Charles-Jean-Marie Alquier (13 October 1752 – February 1826) was a French diplomat. He served as French minister in several European capitals.

Life 
Alquier was born in the village of Talmont, near Les Sables d'Olonne, in La Vendée.  He was mayor of Rochelle in 1789, and was elected by the district of Aunis to the Estates-General.  He was a member of the Constituent Assembly, and served on several committees; he became one of the secretaries of the Constituent Assembly.  When the Assembly adjourned, he became President of the Criminal Tribunal of the Department of Seine et Oise,  and was sent as their representative to the National Convention in 1792.  In that Convention, he voted for the death of King Louis XVI.  He assisted in the organization of Holland after its conquest by the French armies.  In 1795 he was appointed Secretary to the Council of Ancients, one of the organs of the Constitution of the Year III under the Directorate.

He began his diplomatic career in 1798 with the appointment as Minister Plenipotentiary to Bavaria, where he served until March, 1799, at the approach of war.  Back in France he was made Receiver-General of the Department of Seine et Oise, but on the overthrow of the Directory on the 18th of Brumaire, he returned to the diplomatic service on behalf of the new Consulate.

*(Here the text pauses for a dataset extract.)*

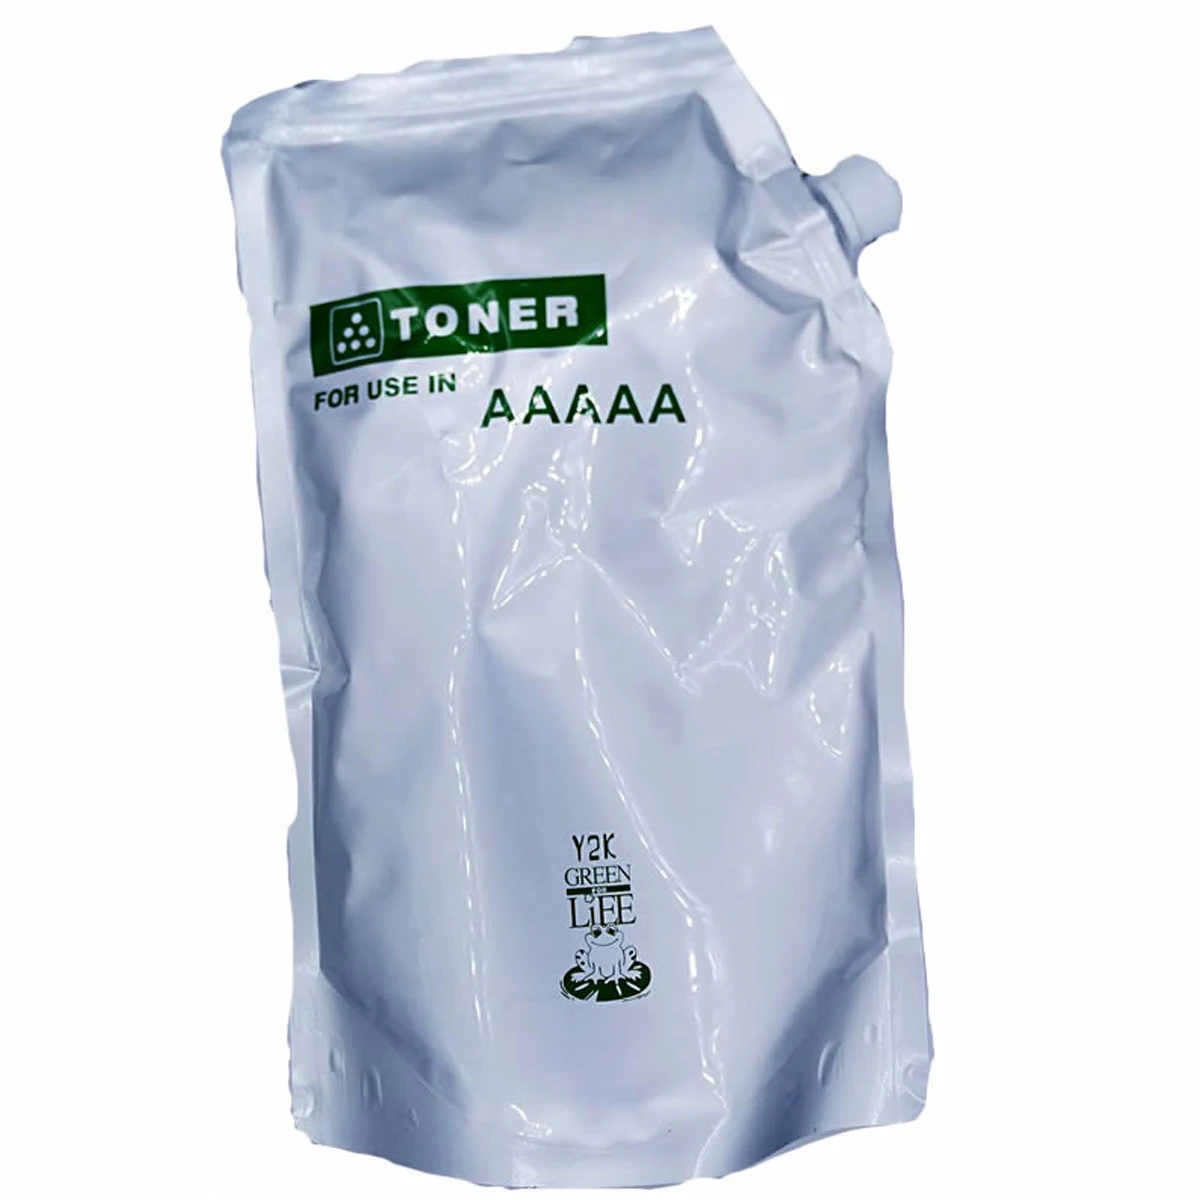 

1KG/Bag Toner Powder Refill Kits For Fuji Xerox Phaser 3020 3021 3115 WorkCentre 3025 106R02773 106R2773 106R03048 106R03048

In March 1800, he was appointed by First Consul Bonaparte and Foreign Minister Talleyrand as Minister in Madrid.   When he was replaced in Madrid at the end of 1800 by Lucien Bonaparte, he was sent to Florence in February 1801, as Minister Plenipotentiary, to arrange peace with France. He conducted the negotiations which regularized the French conquest of Tuscany by its formal cession to France.  He moved to the Court of Naples in March and became French Minister there in April, 1801. One of his notable achievements was the dismissal of Lord Acton, the Neapolitan prime minister, in 1804. When a combined British-Russian fleet and army entered the ports of the Kingdom, Alquier left Naples. At the end of 1805 he was transferred to Rome to substitute for Cardinal Fesch, Napoleon's uncle, who had gone with Pope Pius VII to Paris. He returned to Paris in February, 1808.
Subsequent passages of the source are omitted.